Durch Schweißarbeiten Strohlager zerstört
Im August
1999 ist es infolge unachtsamer Schweißarbeiten an einem neuen Strohlager in Tungeln
morgens zu einem Brand gekommen. Die freiwilligen Feuerwehren aus Wardenburg, Littel und
Sandkrug wurden alarmiert.
In direkter Nachbarschaft zu dem Gebäude befand sich auch ein neuer Bullenstall,
der durch die enorme Hitzestrahlung auch Feuer zu fangen drohte.
Aus diesem Grund wurde das Hydro-Schild der Feuerwehr Littel in Stellung
gebracht, welches den Stall dann vor der Hitze schützte und die Tiere
somit in dem Gebäude verbleiben konnten. Mit einer zusätzlichen Tierrettung
wäre der Einsatz noch ungleich schwieriger ausgefallen, als er ohnehin
schon war.
Direkt
neben dem Brandobjekt stand ein noch voller Strohanhänger, der durch die
Hitzestrahlung Feuer gefangen hatte. Der Landwirt brachte mit seinem Schlepper
das brennende Gefährt auf einen benachbarten Acker, wo es ausbrennen konnte.
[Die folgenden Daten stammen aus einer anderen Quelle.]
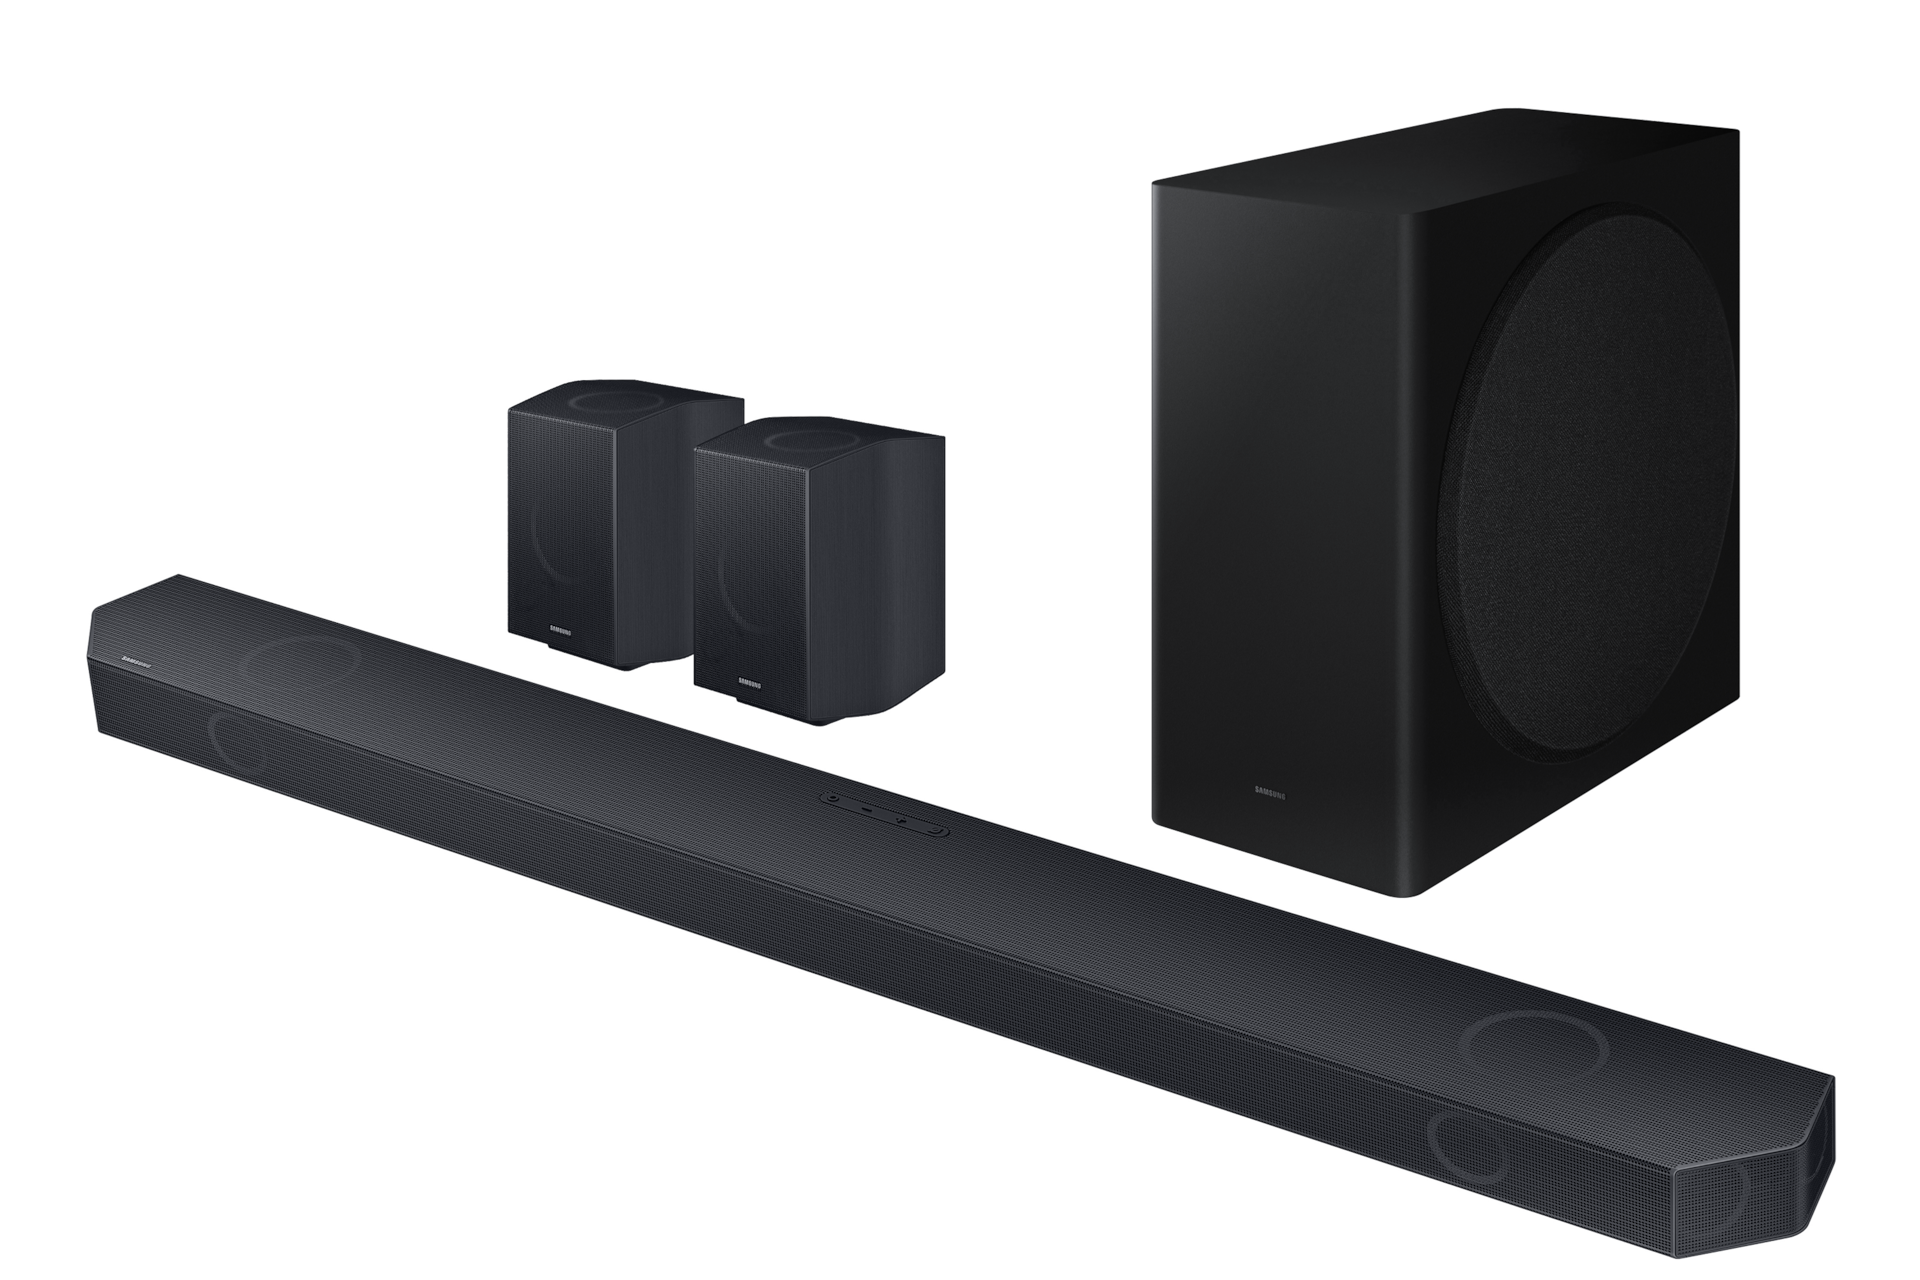 Latest Samsung Q Series Soundbar with Subwoofer (HW-Q930C/XM) - set-r-perspective view, Titan Black color at best price in Samsung Malaysia

Löschen hatte hier keinen Zweck mehr.
Inzwischen war ein Radlager geordert worden, der das wackelige Gebäude von seinem
brennenden Stroh befreite und dieses auf dem Acker ausbreitete. Die Feuerwehr Sandkrug
löschte die Fuder ab. Erheblich verzögert wurde der Einsatz durch den moorigen Boden.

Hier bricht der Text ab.